**Supplied information**

————

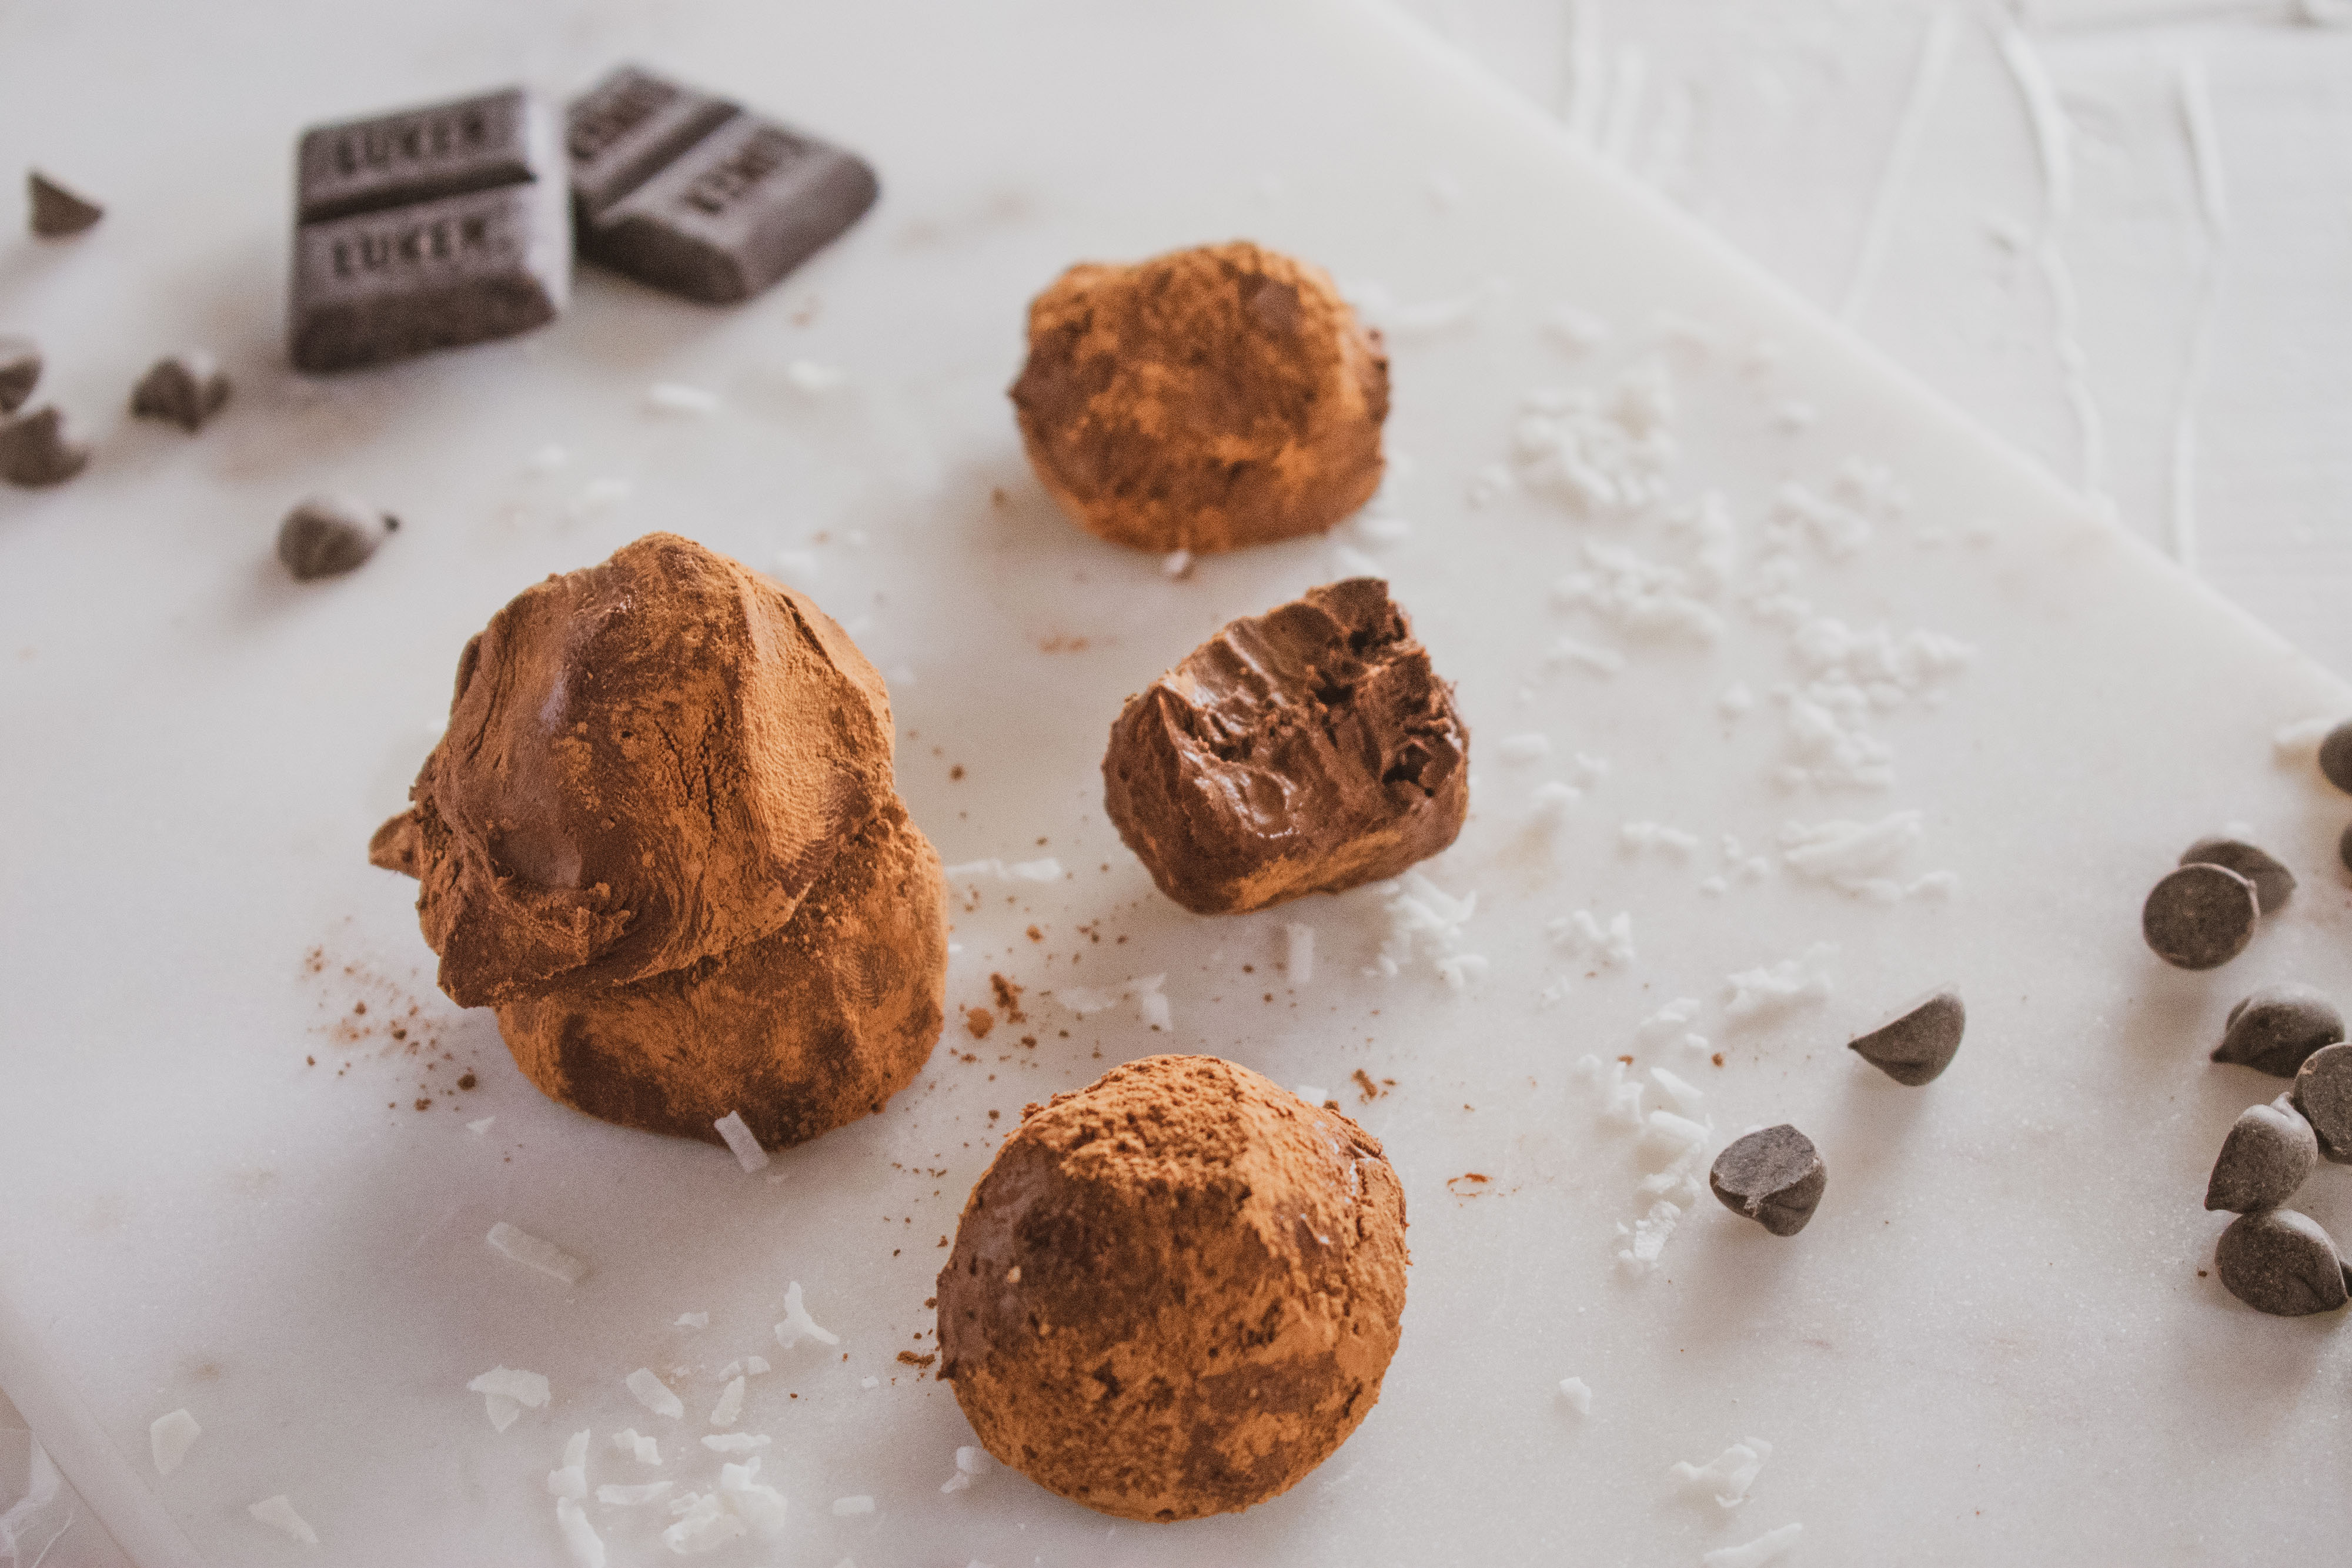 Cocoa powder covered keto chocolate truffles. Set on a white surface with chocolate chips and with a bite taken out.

————

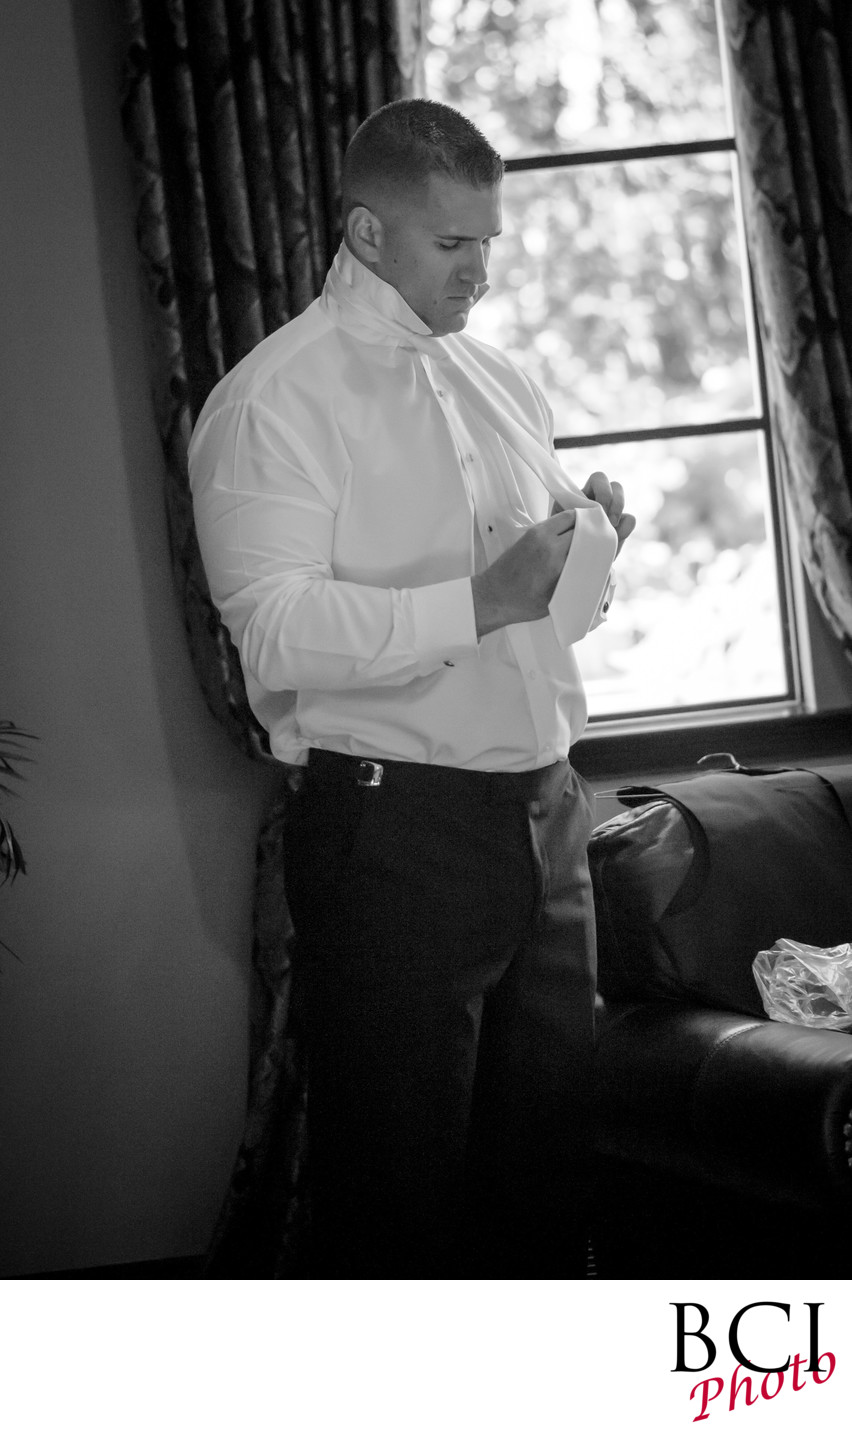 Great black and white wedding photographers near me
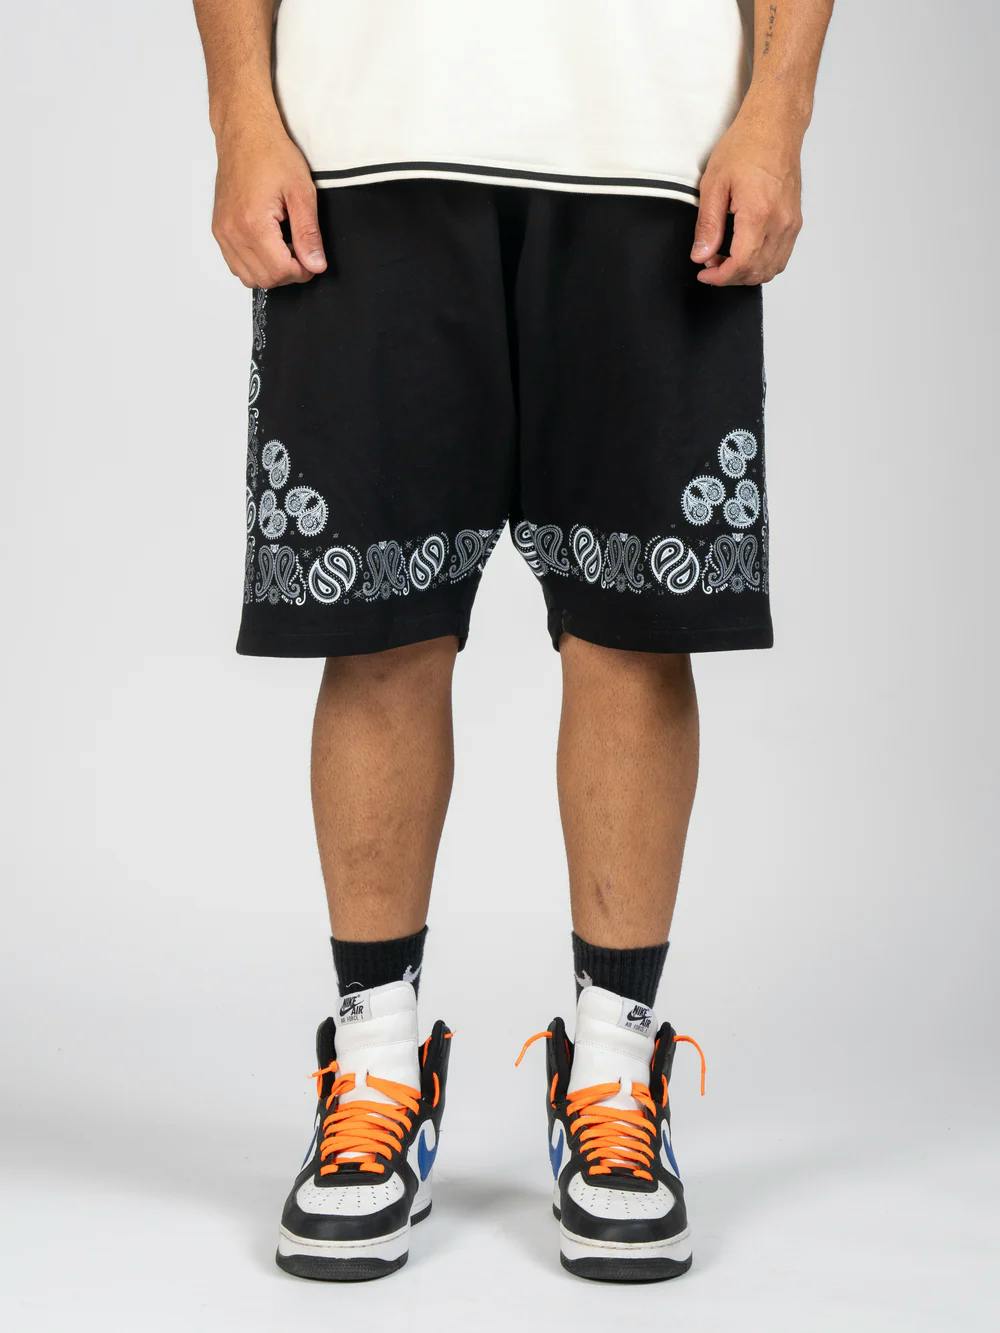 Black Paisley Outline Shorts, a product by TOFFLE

————

Beginning at the line that has "Great black and" and ending at the line that has "Black Paisley Outline", restate the listing above word for word, pictures left out.

 Great black and white wedding photographers near me
 Black Paisley Outline Shorts, a product by TOFFLE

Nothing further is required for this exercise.